On Nov 27, 2009, at 5:26 PM, David Peters wrote:

Every right tree we hypothesize will admit new taxa as they are discovered with no change to the rest of the tree topology.

That actually does not follow. It is completely possible to have a "right tree" (one in which all the nestings are accurate if one knows the entire tree of life through omniscience) and then end up with a "wrong tree" as you add new taxa, only to get a "right tree" again as you add still more. If our search algorithms were perfect (which they're not), and our model of evolution were perfect (which it isn't) then we'd still only be guaranteed the right topology when all taxa were known. If anything is missing (which they always will be) there is always the chance that the tree is "wrong" despite having done everything else correctly. Fortunately, we can still get trees that are good enough to be useful. Phylogenies do not need to be 100% accurate to have utility - if they had to be perfect, then phylogenetics would be hopeless.

You're never going to figure out the perimeter of England because you come up against fractals.

Actually, there are ways of integrating to get fractal perimeters (it's just that the answer isn't a single number), but that's a digression.
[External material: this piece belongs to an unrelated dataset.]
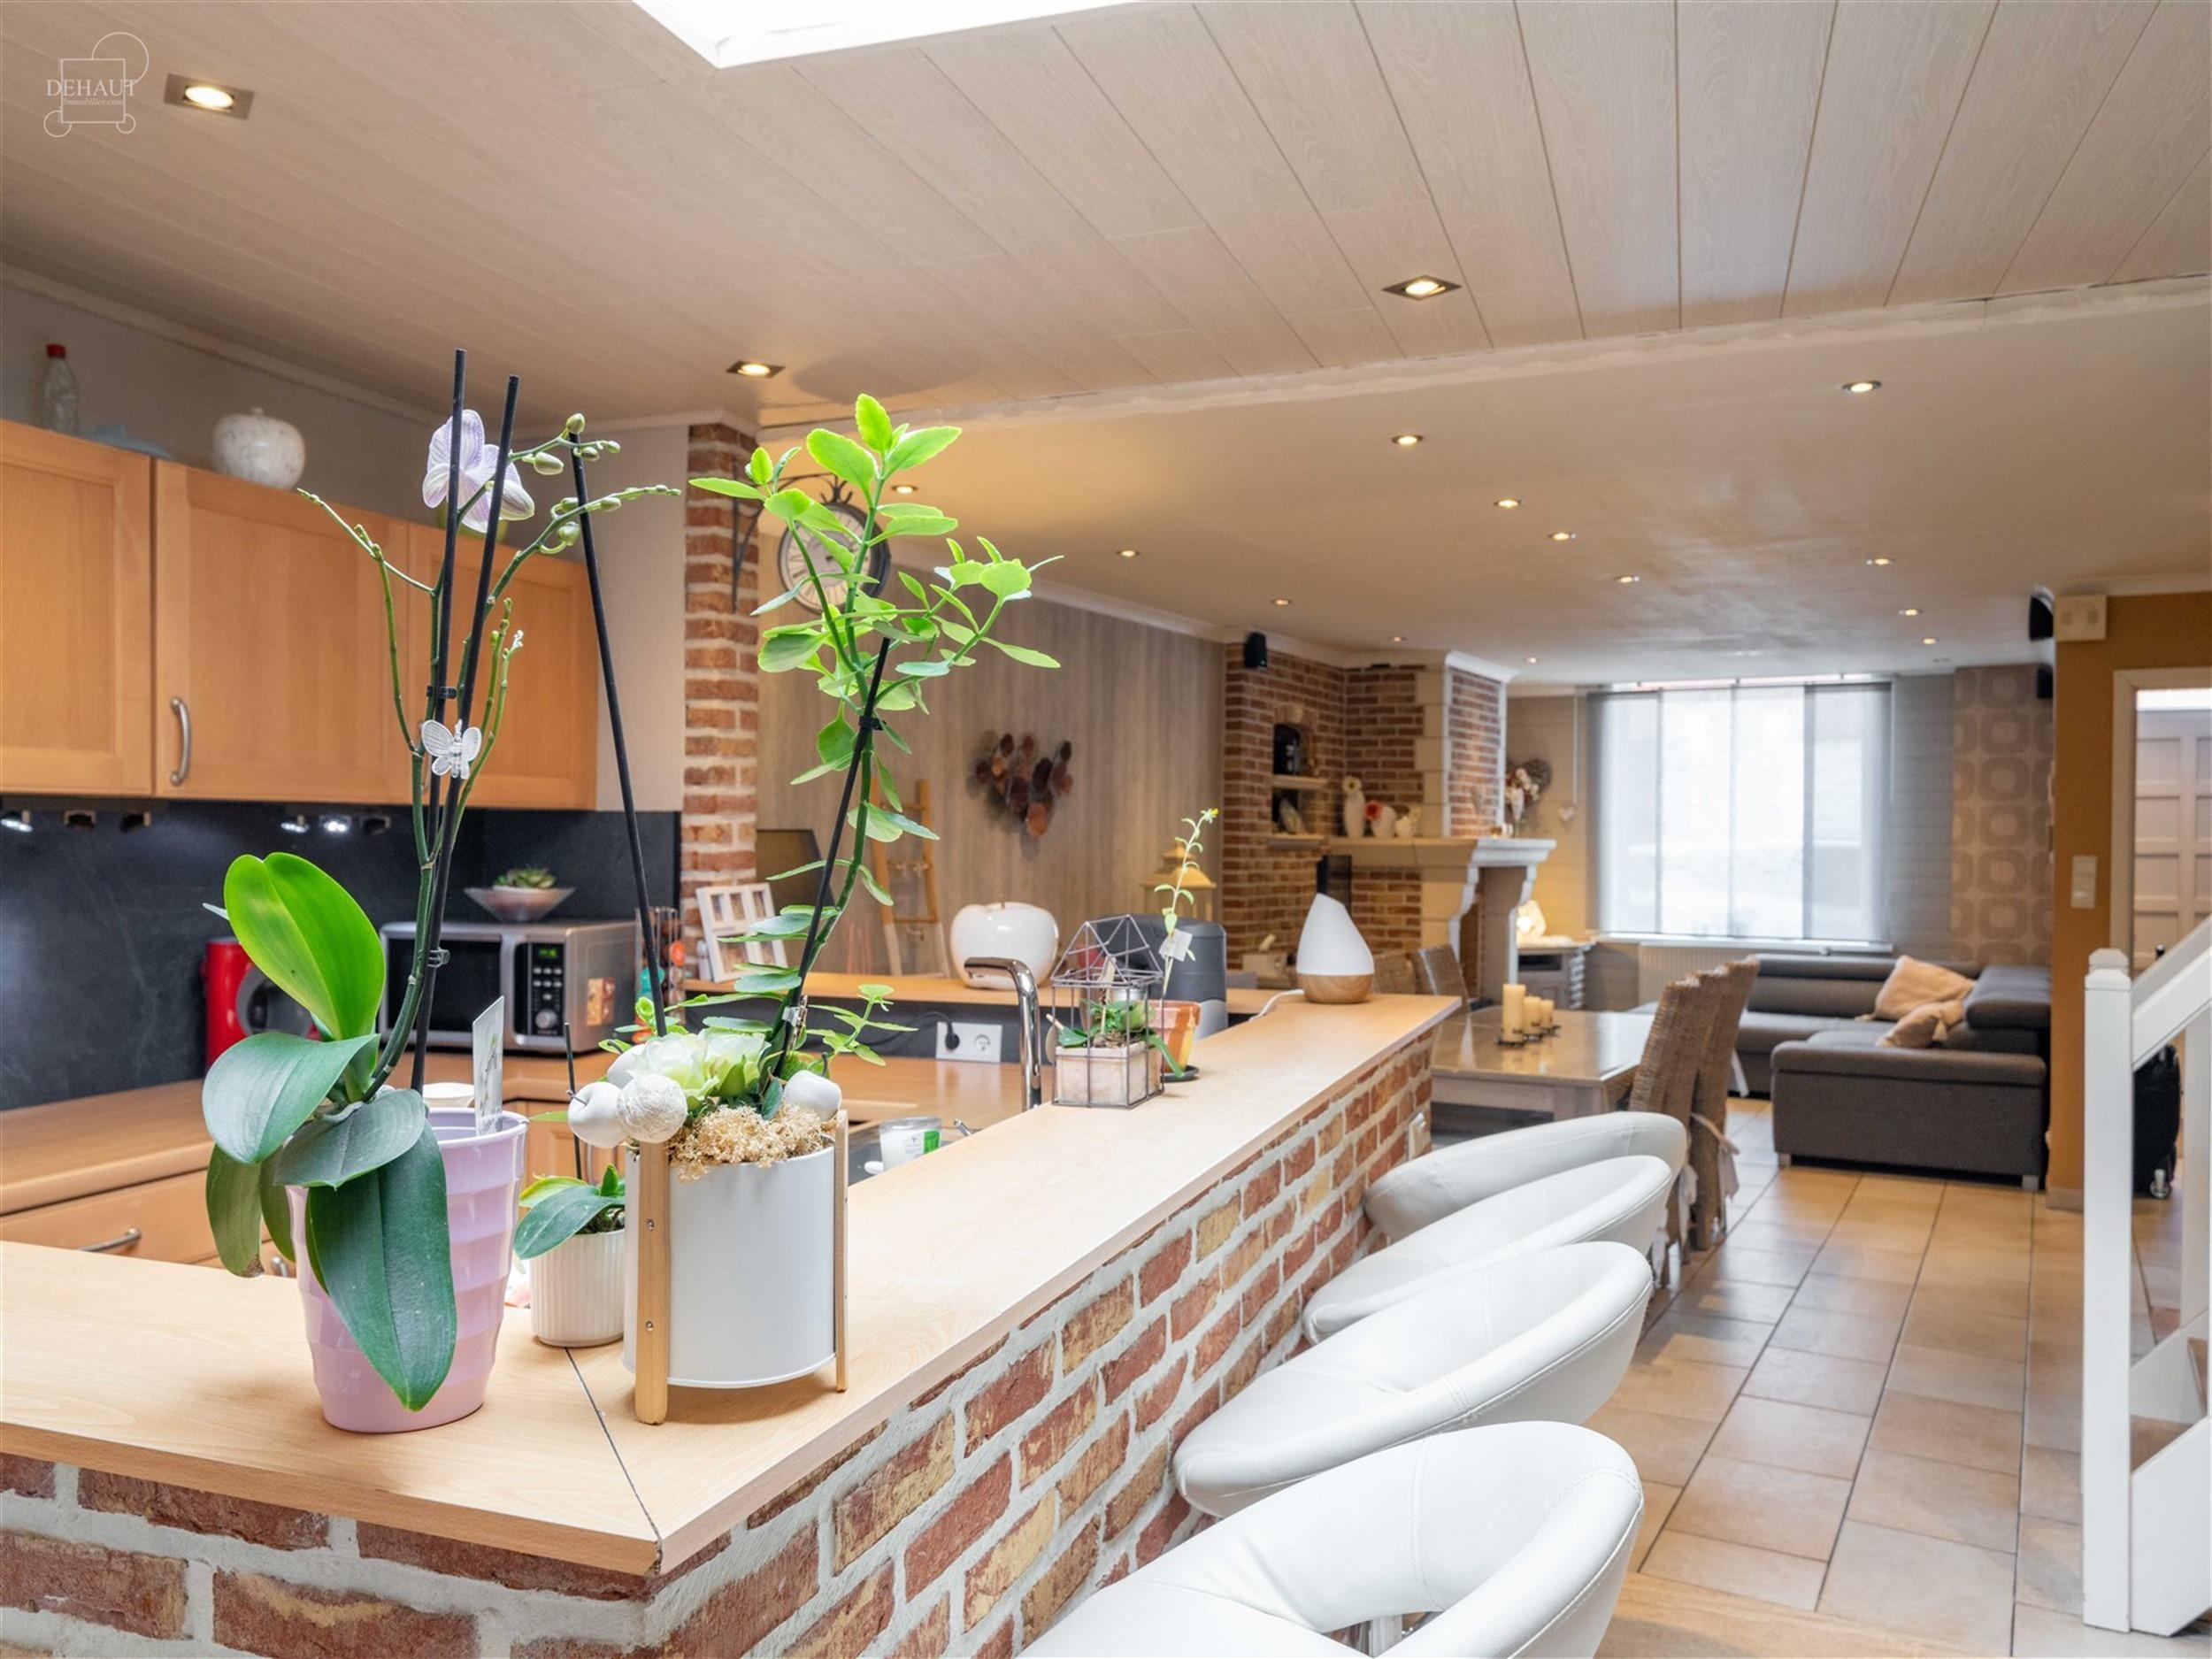 Superbe maison de ville idéalement située à proximité du centre-ville. Comprend un hall d'entrée, un séjour ouvert, une cuisine équipée, une s...

This complexity you're suggesting is another facet of fractals. Avoid it or delve into madness. All we're looking for are simple models for complex processes taking millions of years and just as many generations.

Just simple enough; not too simple - correlated characters have an impact on topology. Therefore, they need to be considered. If you choose to ignore them, that is still a methodological choice. In some cases, this will confound your results.

The list of apomorphies is enormous!

Doesn't mean it's wrong.

Presuming you mean everything should be unordered and ignored for correlations, there are quite a few manuscripts in the cladistics literature that suggest otherwise.

Posting your question back to you: how did they know they were more right than wrong when they concluded?

Easy: simulation studies know the answer before they start. Therefore, you have the on true tree in hand with which to compare.

Mike, I hate to break it to you, but you like kinda like your parents and your grandparents. If you have a tail or fins or horns or gills, you hide it well.

That's just inheritance, not parsimony. Parsimony would say that gill loss in tetrapods should be a simple stepwise process, but it isn't.

Rare? News to me again. And yes, obviously the shared ones (i.e. synapomorphies) are particularly interesting, but I'm not sure where you're going with this.

Please name any apomorphy that is not rare. By definition any apomorphy will be rare.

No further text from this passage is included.